Here's a snippet of C++ code to perform the conversion from spherical angles to Cartesian coordinates:
template<typename T> Vec3<T> sphericalToCartesian(const T &theta, const T &phi) { return Vec3<T>(cos(phi) * sin(theta), sin(phi) * sin(theta), cos(theta)); };
This straightforward approach enables the efficient computation of Cartesian coordinates from spherical ones, enhancing the flexibility and utility of geometric transformations in computational applications.
Enhanced Techniques with Trigonometric Functions
Following the explanation of converting between Cartesian and spherical coordinates and their inverse process, we introduce a few practical functions. These functions are invaluable in rendering applications for manipulating vectors across both coordinate systems.
Calculating \(\theta\) from Cartesian Coordinates
In our discussions, we adopt a left-hand coordinate system where the z-axis signifies the vertical direction for spherical coordinates. As previously discussed, the calculation of \(\theta\) is given by:
template<typename T> inline T sphericalTheta(const Vec3<T> &v) { return acos(clamp<T>(v[2], -1, 1)); }
It's essential to ensure the input vector is normalized, keeping the z-coordinate within the [-1, 1] range. Employing clamping enhances the robustness of this function.
Deriving \(\phi\) from Cartesian Coordinates
The computation of \(\phi\) presents a different challenge, as the atan
function spans the range \([-\pi, \pi]\). To accommodate our needs, we adjust the range to \([0, 2\pi]\) as follows:
template<typename T> inline T sphericalPhi(const Vec3<T> &v) { T p = atan2(v[1], v[0]); return (p < 0) ? p + 2 * M_PI : p; }
Simplifying Calculations for Trigonometric Ratios
Beyond calculating angular values, obtaining direct trigonometric ratios such as \(\cos(\theta)\), \(\sin(\theta)\), \(\cos(\phi)\), and \(\sin(\phi)\) can be more straightforward:
template<typename T> inline T cosTheta(const Vec3<T> &w) { return w[2]; }
However, determining \(\sin(\theta)\) necessitates a deeper understanding. Given a unit-length vector, the Pythagorean theorem allows us to assert \(V_x^2 + V_y^2 = 1\). With \(V_x = \cos(\theta)\) and \(V_y = \sin(\theta)\), it follows that:
$$\cos(\theta)^2 + \sin(\theta)^2 = 1 \implies \sin(\theta)^2 = 1 - \cos(\theta)^2$$To facilitate this calculation, we introduce two functions: one for \(\sin(\theta)^2\) and another for \(\sin(\theta)\), leveraging the square root of the former's output.
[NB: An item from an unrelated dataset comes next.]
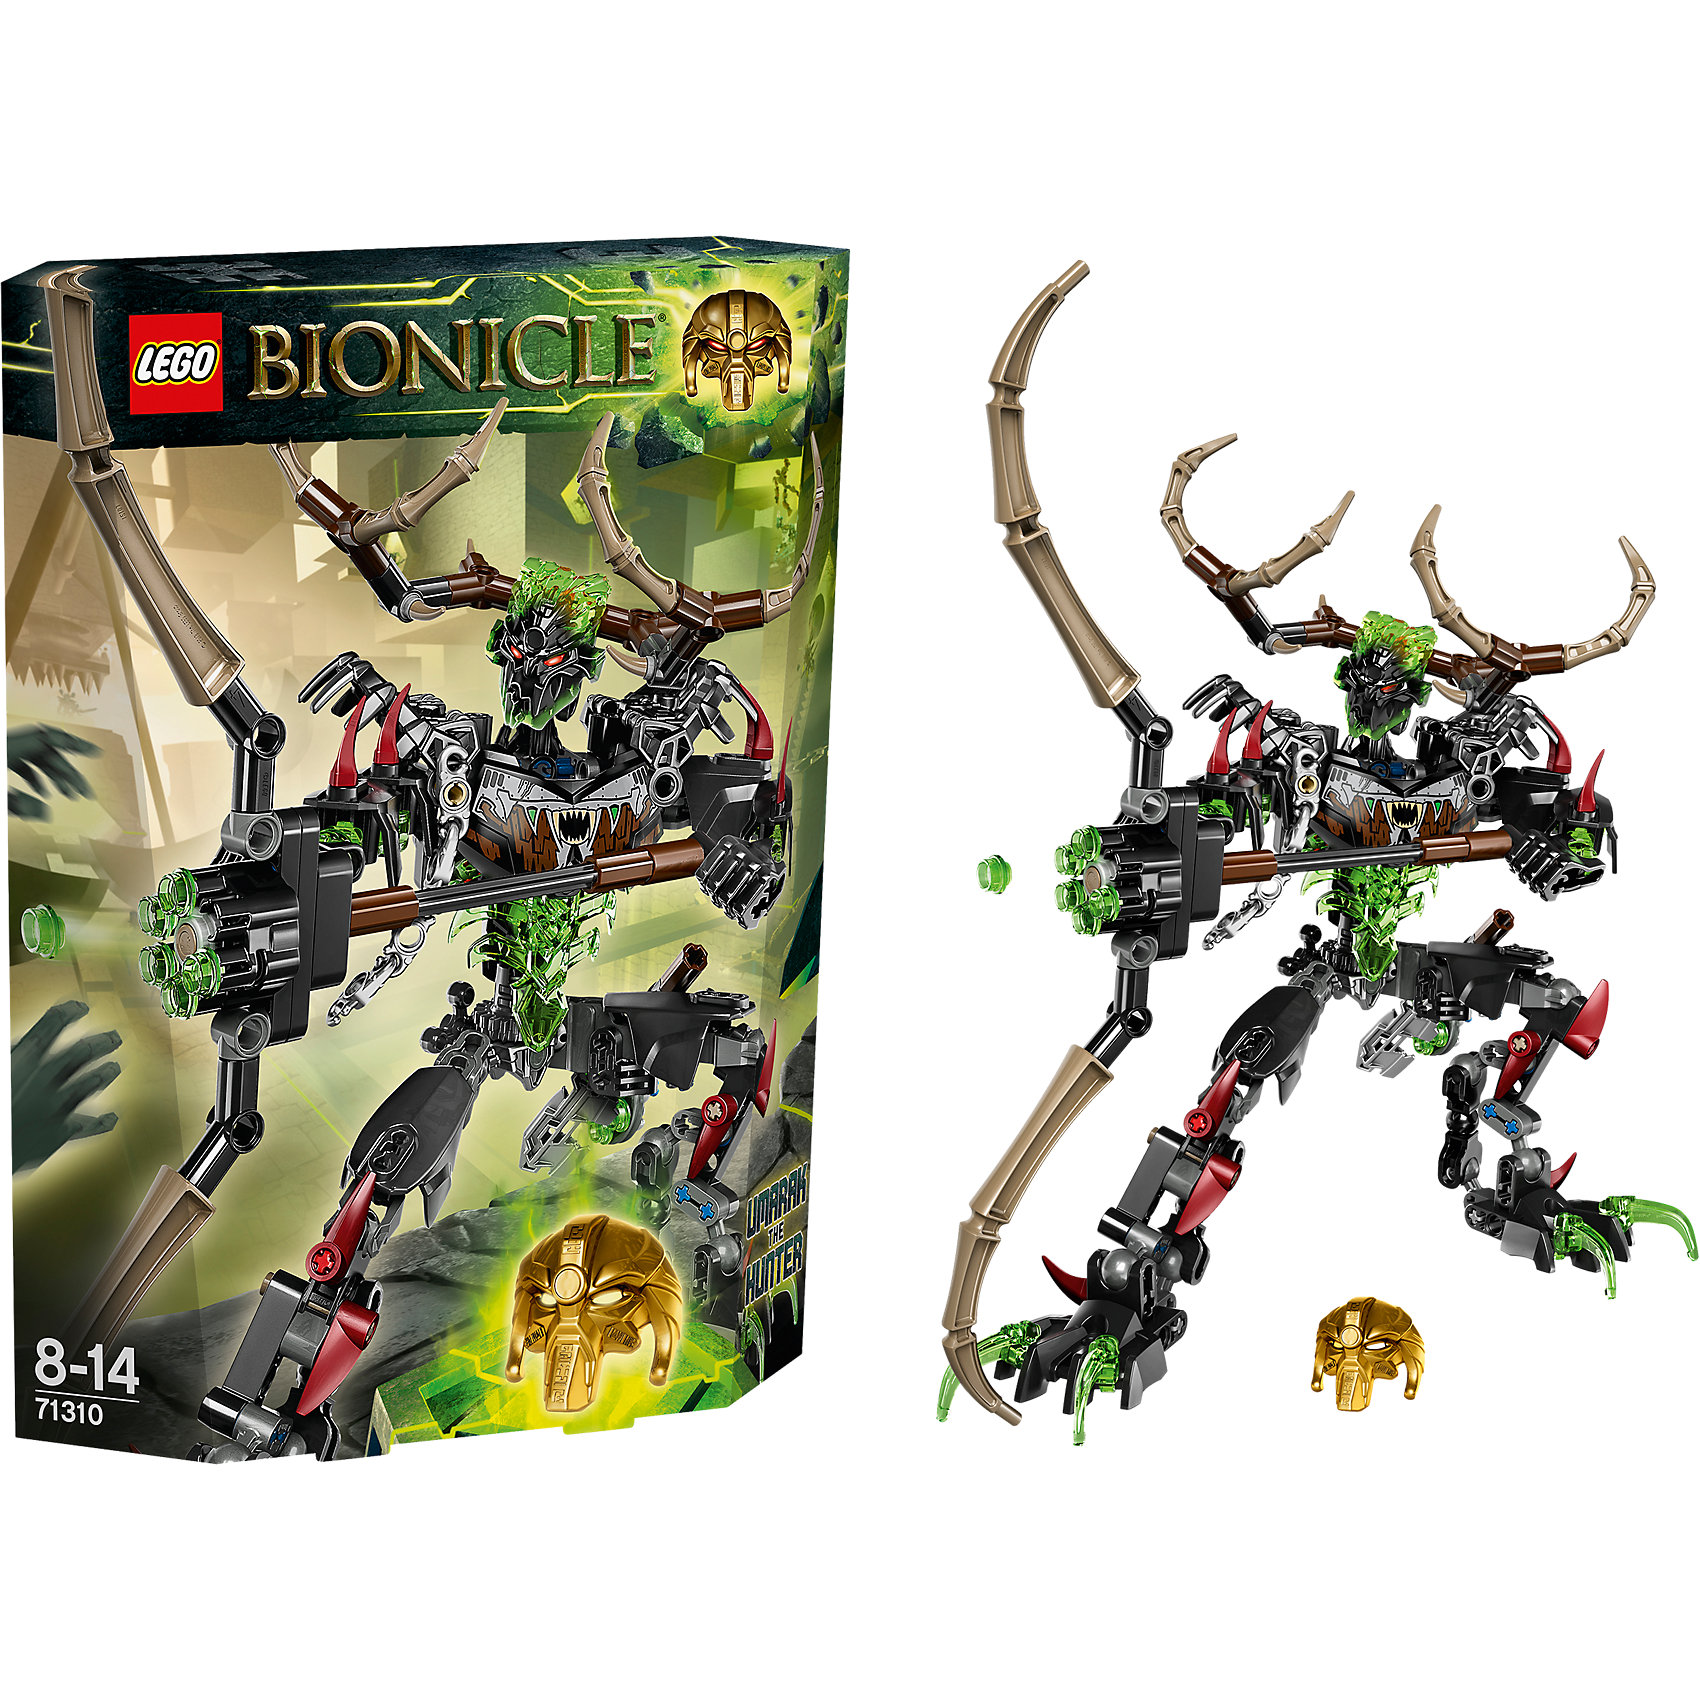 LEGO LEGO BIONICLE 71310: Охотник Умарак bionicle максилос и спинакс
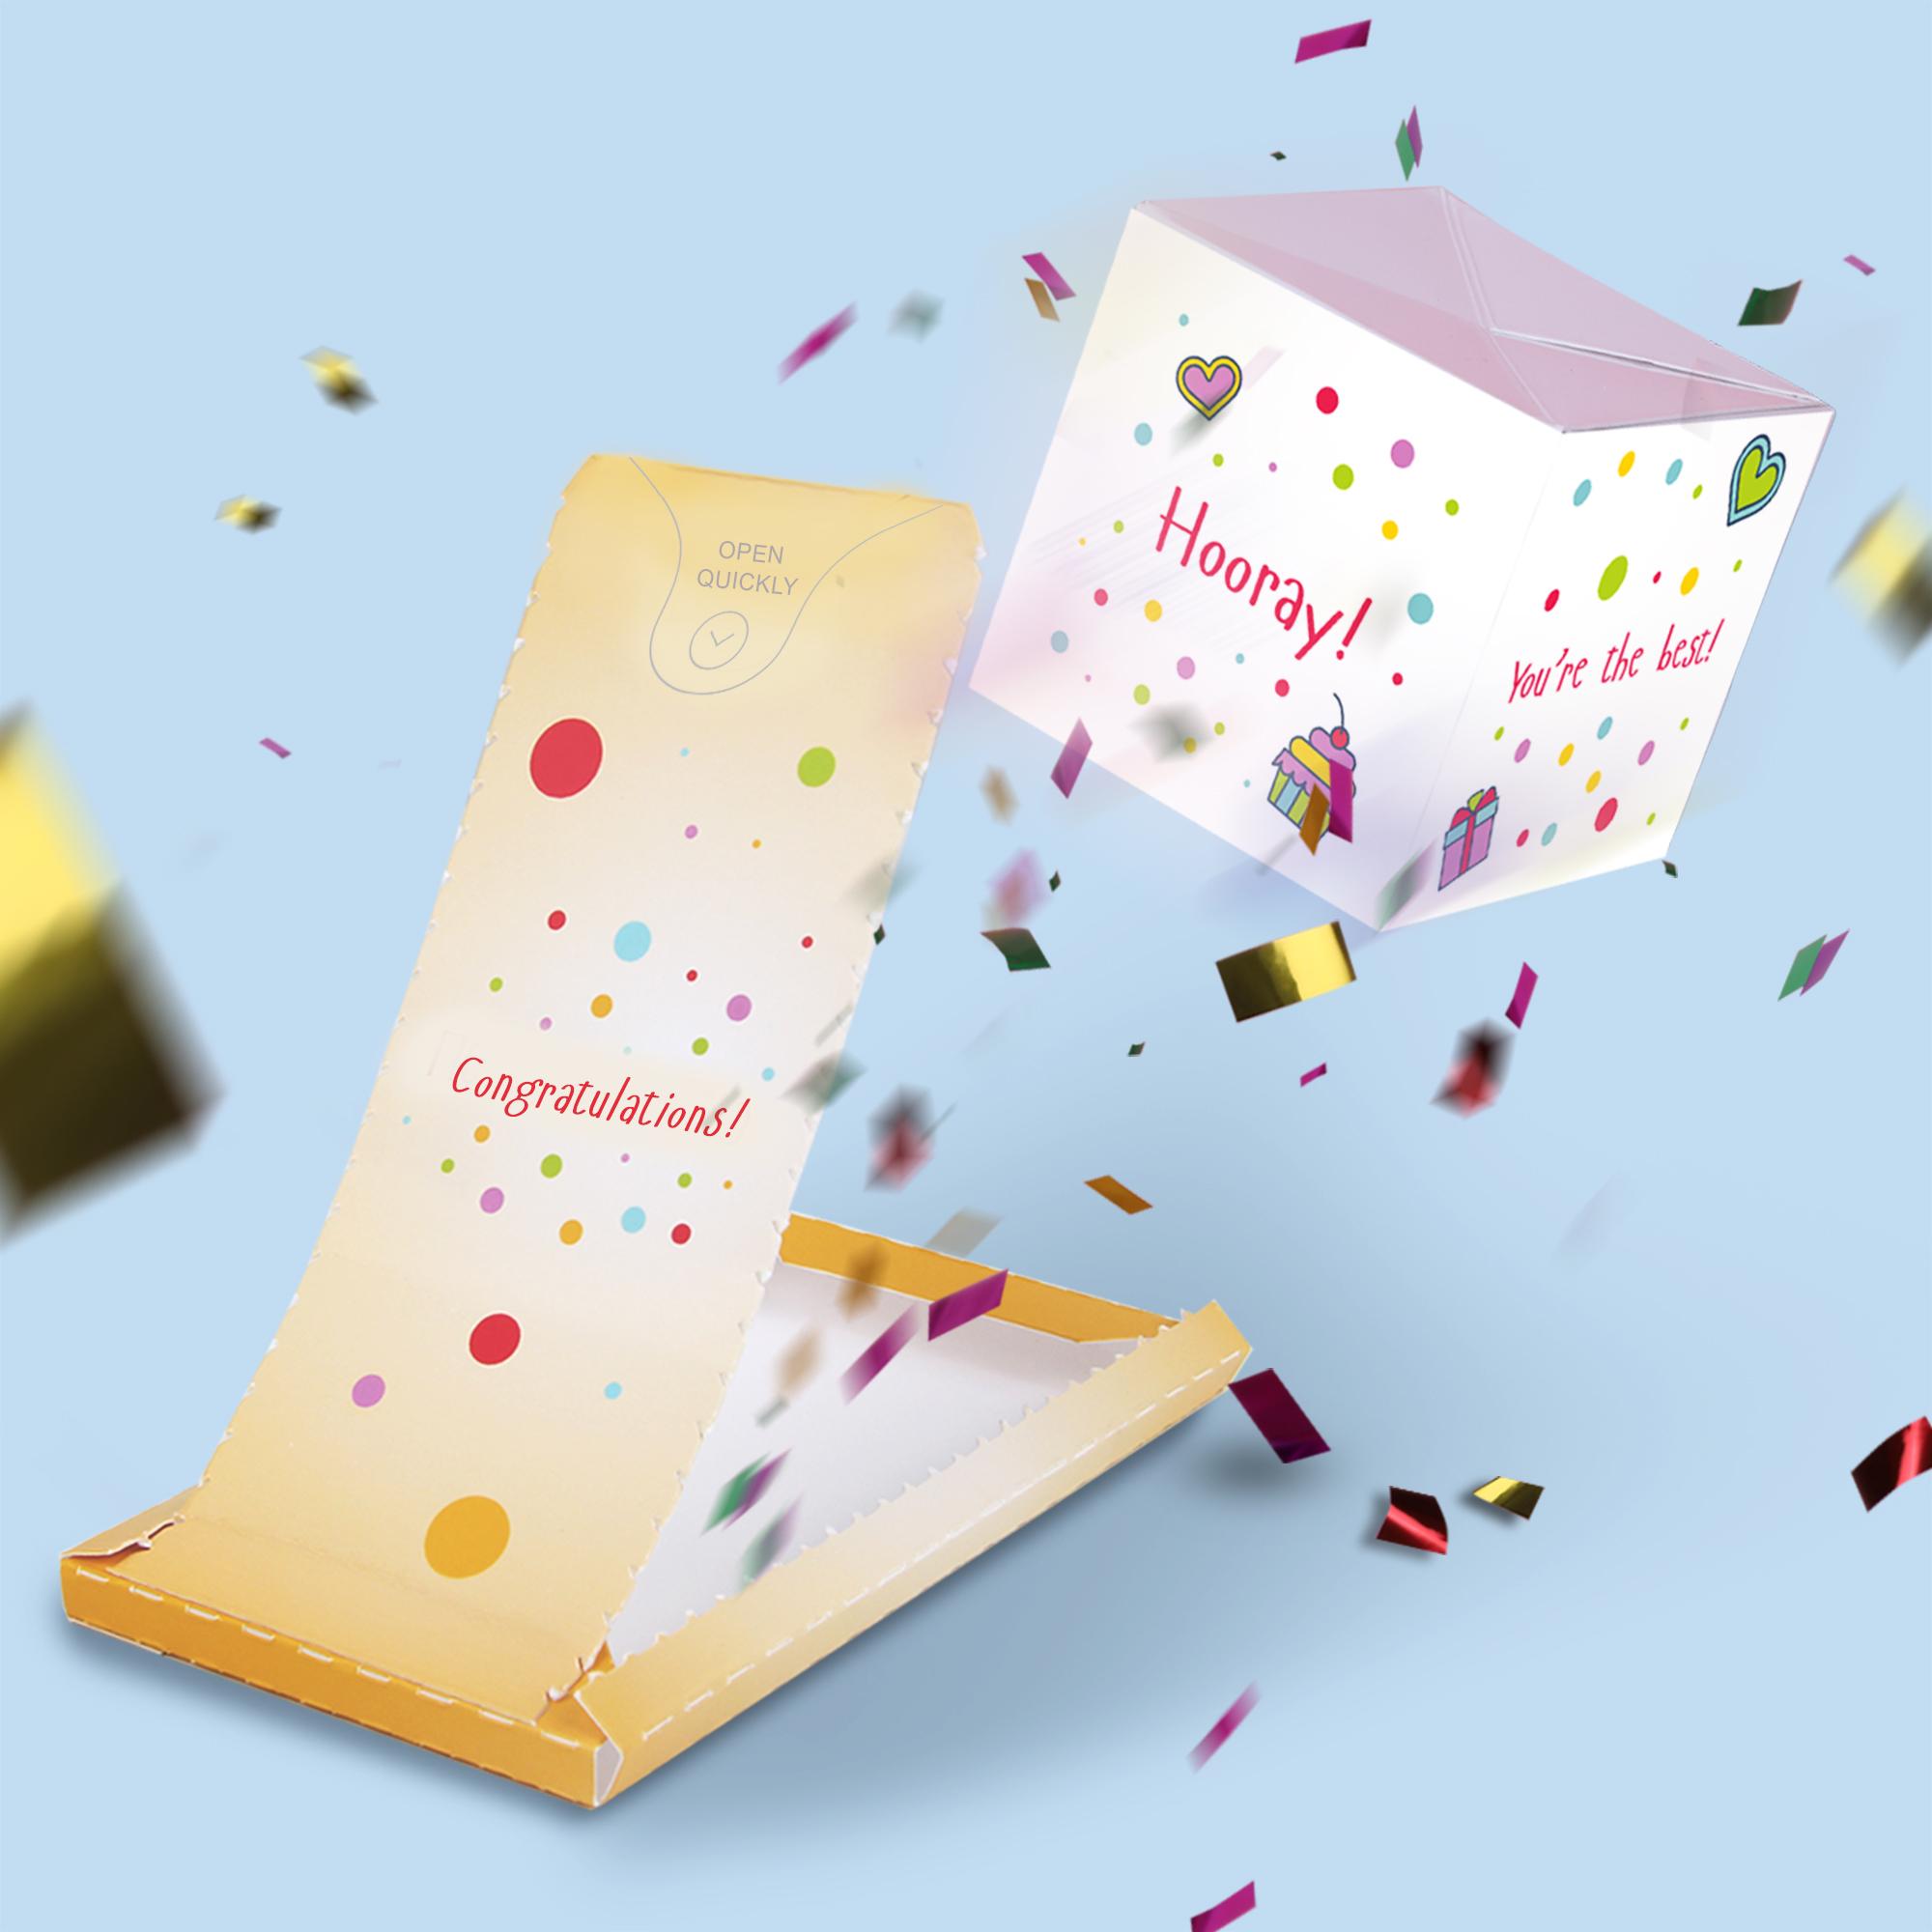 Boom card - Congratulations

Projecting Vectors onto the XY Plane
The computation of \(\cos(\phi)\) and \(\sin(\phi)\) becomes nuanced when considering the vector's shadow—or its projection—onto the xy plane. As depicted in Figure 8, a unit-length vector in 3D doesn't necessarily translate to a unit-length projection unless \(\theta = \pi/2\). This discrepancy arises from the vector's projection, \(v_p\), varying in length depending on \(\theta\).
The length of the projected vector \(v_p\) is directly tied to \(\sin(\theta)\), as shown in Figure 9. Normalizing \(v_p\) by dividing its components by \(\sin(\theta)\) enables the accurate calculation of \(\cos(\phi)\) and \(\sin(\phi)\) through the normalized components:
template<typename T> inline T cosPhi(const Vec3<T> &w) { T sintheta = sinTheta(w); if (sintheta == 0) return 1; return clamp<T>(w[0] / sintheta, -1, 1); } template<typename T> inline T sinPhi(const Vec3<T> &w) { T sintheta = sinTheta(w); if (sintheta == 0) return 0; return clamp<T>(w[1] / sintheta, -1, 1); }
This advanced approach to vector manipulation using trigonometric functions and projections enriches the toolbox for rendering, allowing for sophisticated control over vector orientations and interactions within a 3D environment.